Peter Sloterdijk est un philosophe et écrivain allemand contemporain. Sa réputation parfois sulfureuse, surtout depuis la publication des Règles pour le dressage du parc humain ne doit pas dissimuler un esprit authentiquement novateur, s’emparant des problèmes contemporains avec une audace et un décalage de point de vue des plus féconds.
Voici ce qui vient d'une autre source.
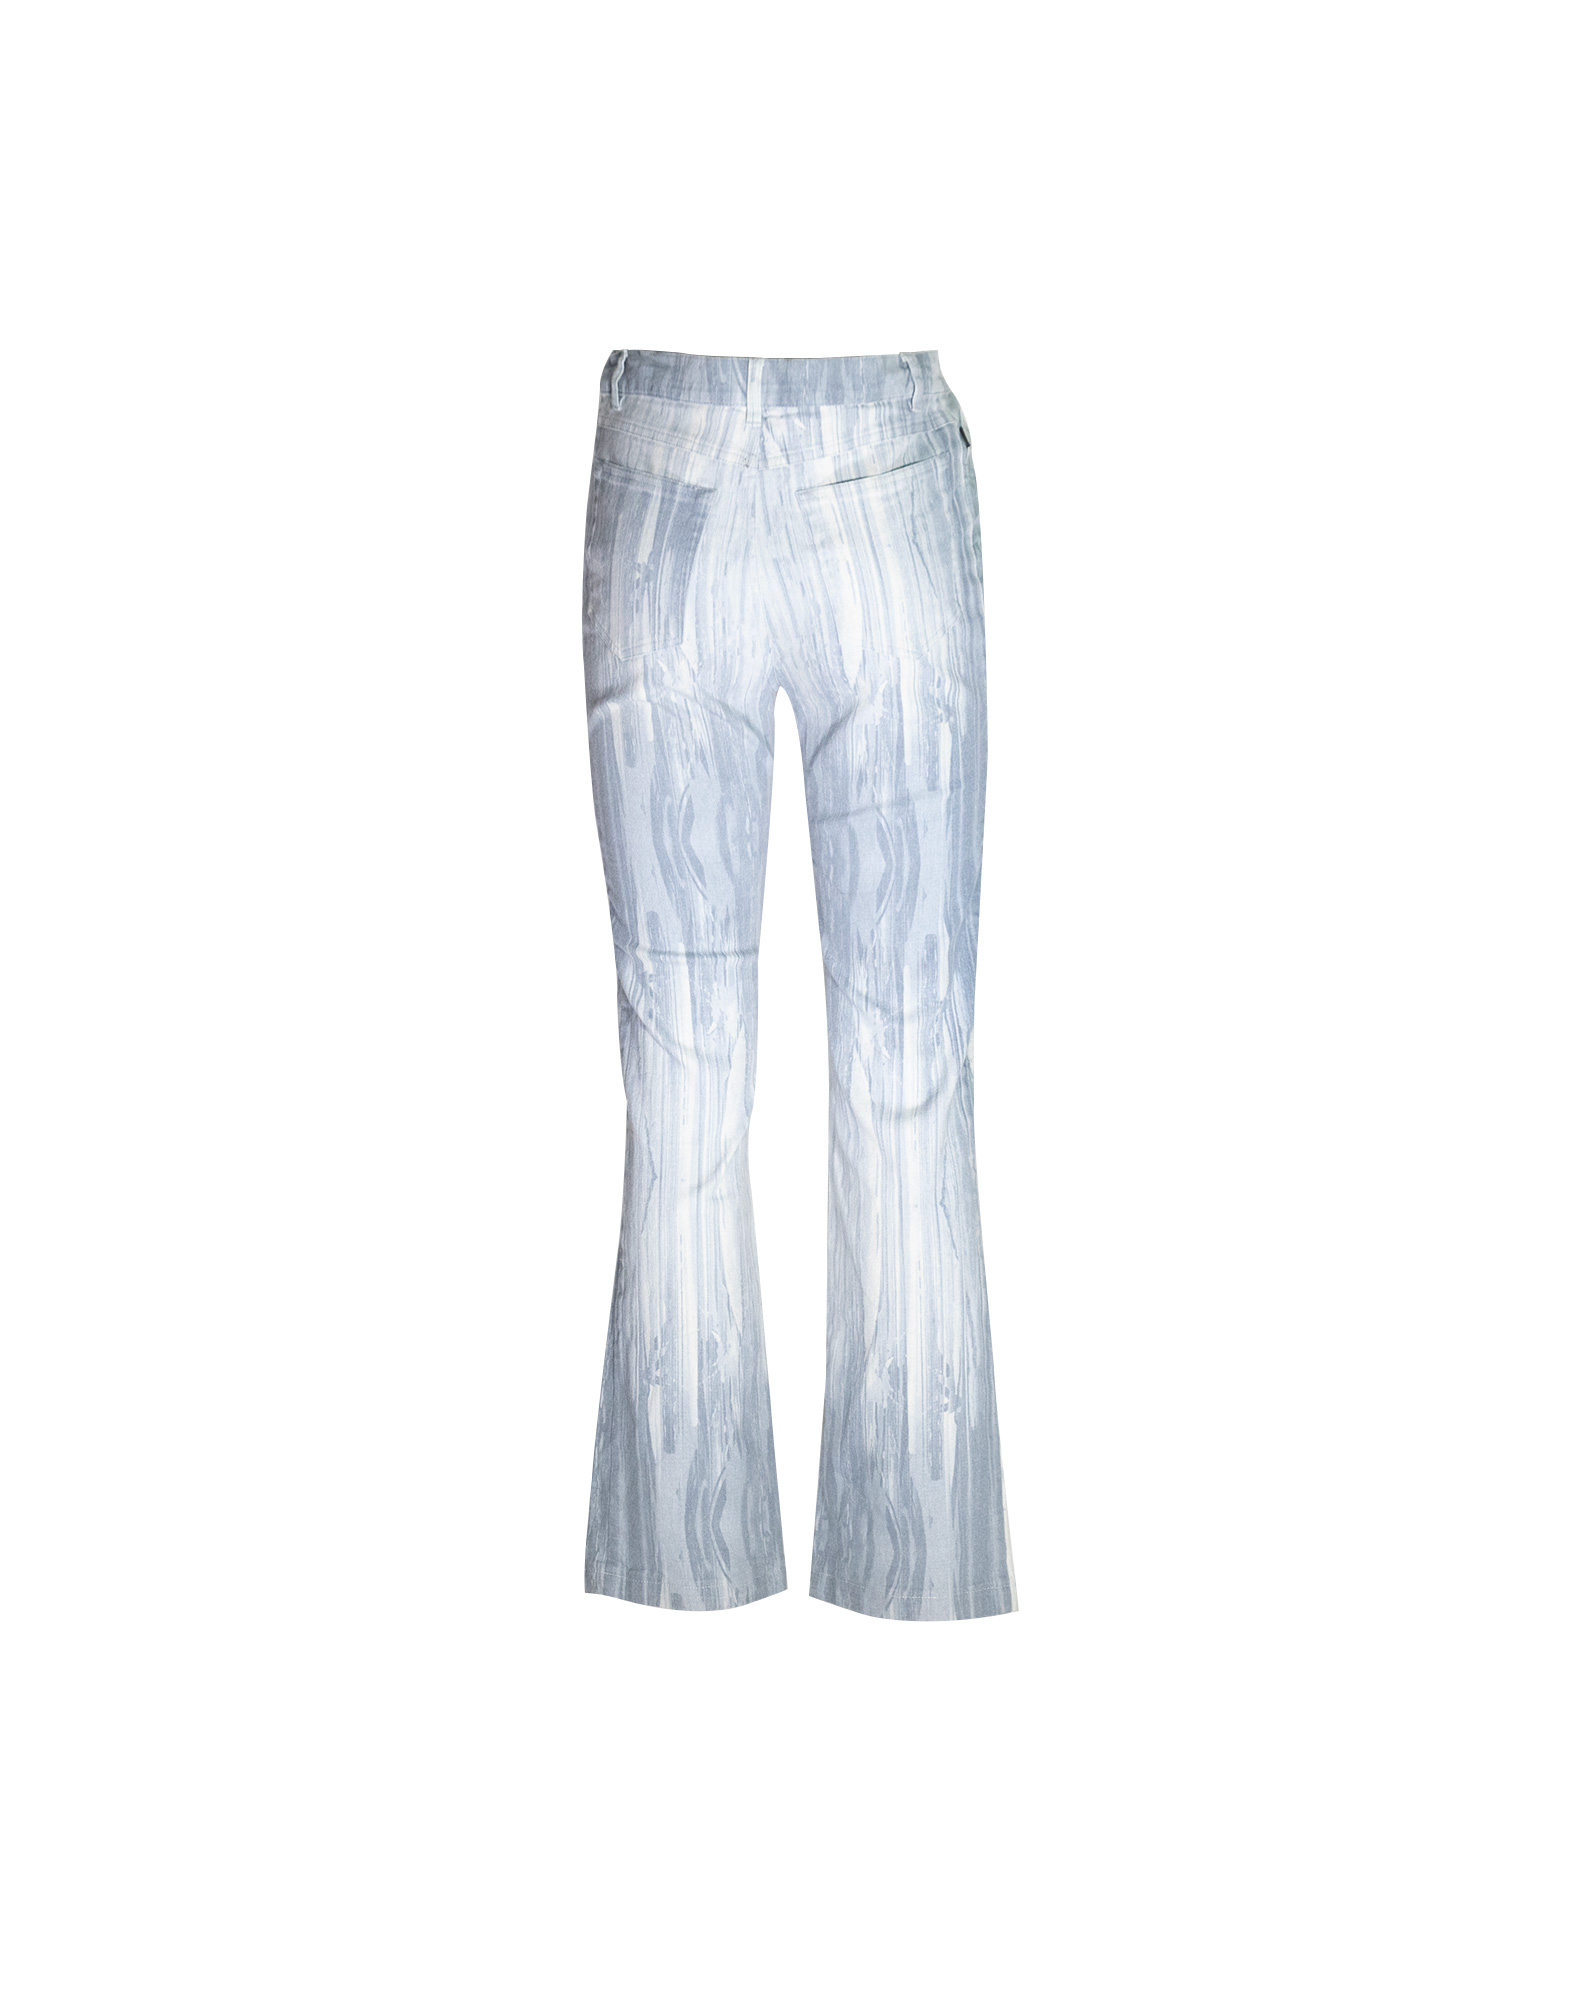 JustCavalli - Pantaloni vintage con pattern

Sloterddijk doit être lu pour ce qu’il écrit, et non pas pour les polémiques médiatiques ni pour son apparence romanesque.
Dans le même bateau propose, dans une manière bien allemande que l’on retrouve par exemple chez Hans Jonas (Le Concept de Dieu après Auschwitz), une sorte de parabole, de genèse fictive, d’histoire imaginaire de l’humanité qui permet de forger des concepts éclairants et de répondre à la question : du « dégoût que la société actuelle éprouve pour sa classe politique ».
La réponse de Sloterdijk tourne le dos aux explications philosophiques ou sociologiques pour proposer, à mille lieues des commentaires journalistiques habituels, une réflexion fondée sur ce qui fait appartenance, ce qui fait que les groupes humains tiennent ensemble et la manière dont cette cohésion fonctionne.
Cette histoire (imaginaire, une fois encore) des modes d’être ensemble distingue trois étapes, racontées selon une métaphore marine : l’âge « paléopolitique » serait celui de petites communautés (des clans) « dérivant sur des radeaux ». La seconde période (celle de la politique « classique » serait celle de la « navigation côtière » de navires souverains obéissant à l’ordre disciplinaire et aux idées de grandeur. Le troisième âge, dans lequel nous serions entrés, serait celui de « gigantesques super-ferries, quasiment ingouvernables en raison de leur taille monstrueuse et sillonnant un océan de naufragés ».